Phytohemagglutinin is a compound generated by the red kidney bean (Phaseolus vulgaris) that is believed to serve as a defence against herbivory. In humans and other vertebrates, consumption of large volumes of raw kidney beans can cause inflammation of the intestinal tract. Phytohemagglutinin is a large molecule (molecular weight 138 000) with a long history of use in immunology, dating back to its original role as an agglutination agent for vertebrate erythrocytes (Naspitz & Richter 1968). Like other lectins, PHA is mitogenic to many vertebrate cell types including (but not limited to) T lymphocytes (Bonforte et al. 1972; Elgert 1996). However, stimulation of T-lymphocyte proliferation by PHA is different from most other antigens. Most importantly, PHA does not require antigen presentation or major histocompatibility complex costimulation by professional antigen-presenting cells (e.g. macrophages) to induce mitogenesis, like most antigens do; as many as 30% of T-cell lines are responsive to PHA, far more than a typical antigen (Elgert 1996). For these reasons, non-ecologists typically do not recognize the PHA-swelling response as solely a T-cell mediated hypersensitivity response. Instead, they typically call it cutaneous basophilic hypersensitivity (Stadecker et al. 1977; McCorkle et al. 1980).
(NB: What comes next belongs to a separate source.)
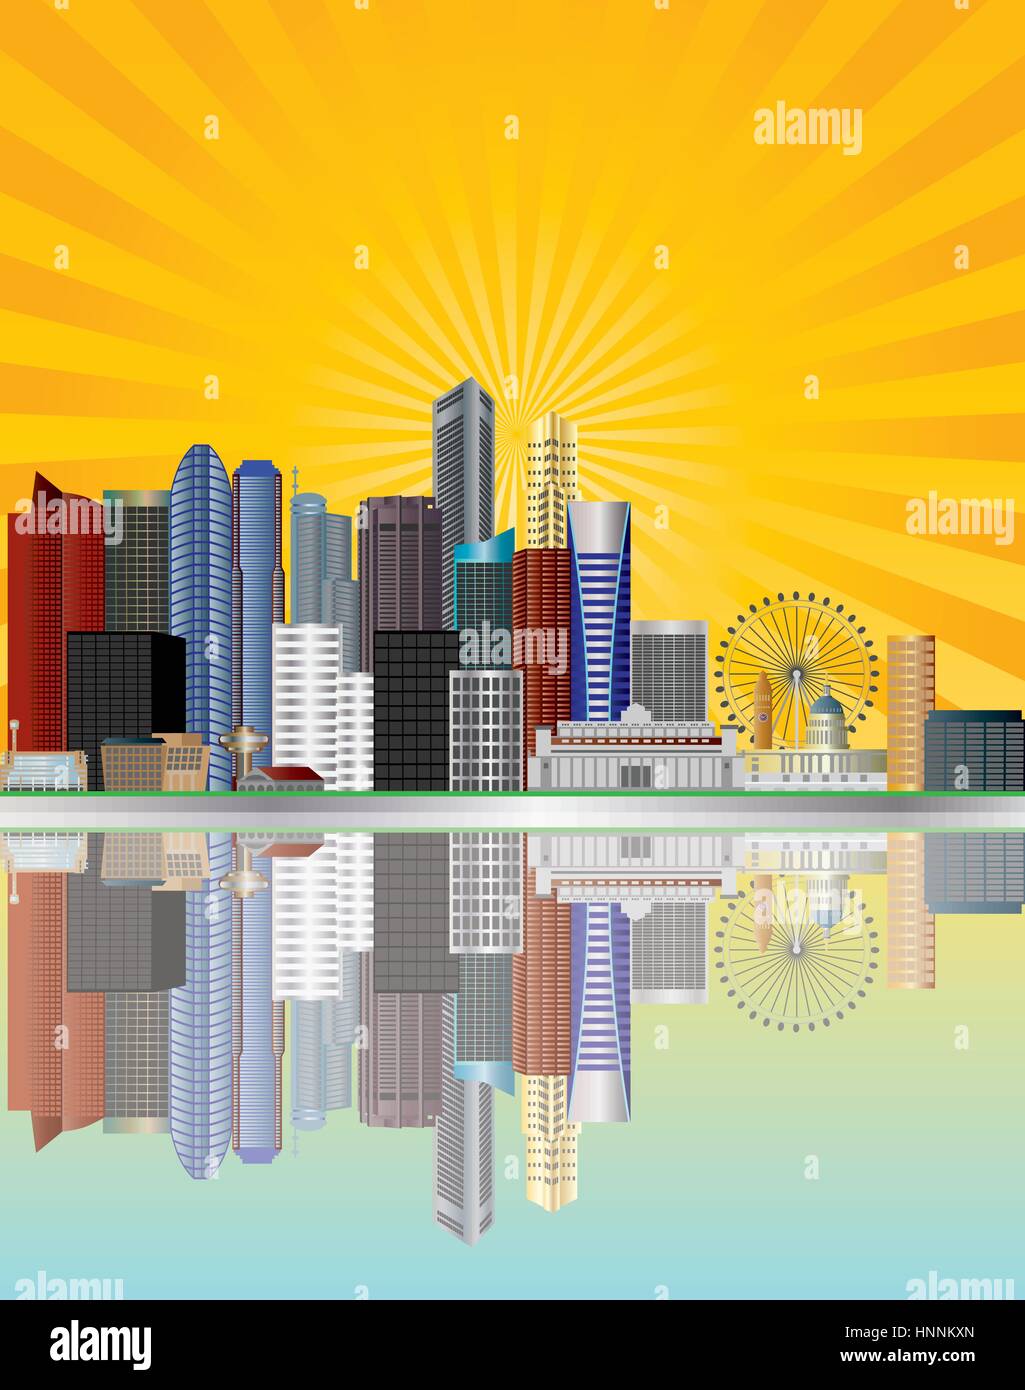 Singapur City Skyline Reflexion entlang der Mündung des Singapore River mit Sonnenstrahlen Hintergrund Illustration Stock Vektor

This name is derived from the two distinct phases that occur during PHA skin swellings in domestic fowl. The first phase involves exudation of plasma from surrounding vascular tissue and edema in the injected region, which occurs within 6–12 h after injection and is driven by local innate cell populations (largely basophils and macrophages) activated by PHA-stimulated CD4+ T-cells (Elgert 1996). The second phase includes an infiltration of additional PHA-sensitive T-lymphocytes and occurs around 24 h post-injection (Stadecker et al. 1977; Goto et al. 1978; McCorkle et al. 1980). From these data, it is clear that activated T-cells are involved in the swelling response; they secrete some of the cytokines that recruit and activate effector cells. However, other leukocytes (particularly basophils, heterophils and macrophages) actually effect most of the vasodilation, edema and inflammation of tissue; moreover, these cells secrete additional cytokines, which can promote further infiltration by, or proliferation of, additional leukocytes (Stadecker et al. 1977; Goto et al. 1978; McCorkle et al. 1980; Elgert 1996). Even the most commonly cited study identifying the PHA-swelling response as a cell-mediated immune response supports a more complicated immunological cascade underlying swellings than is typically espoused. A few chickens thymectomized early in life (and hence possessing few if any circulating T cells) mounted measurable but reduced swelling responses to PHA relative to controls (Goto et al. 1978). Moreover, in vitro work indicates that other cell types in addition to T cells must be important mediators of swelling, as lymphocyte proliferation using PHA is often not related to in vivo tissue swelling in the same bird (Bayyari et al. 1997). Finally, it is clear from genetic studies that both innate and adaptive components of the immune system are involved in the swelling response, and each may be independently regulated (Taylor et al. 1987; Cheng & Lamont 1988).
To gain a better understanding of what PHA swellings represent in a functional sense in passerine birds, we investigated the cellular processes underlying the swelling response in the House Sparrow (Passer domesticus). Our goals were to (i) describe the cellular infiltration processes involved in the swelling response; and (ii) determine if and when cell infiltration was correlated to swelling. Although our approach cannot indicate whether PHA-induced swellings are predictive of disease resistance, it can provide a more detailed understanding of the currently most favoured technique in immunoecology. Indeed, although it is clear that measures of PHA swelling can be informative of the immunological state of animals in a coarse sense, we expect that more detailed characterizations of this response could provide greater insight into the functional significance of larger or smaller skin swellings.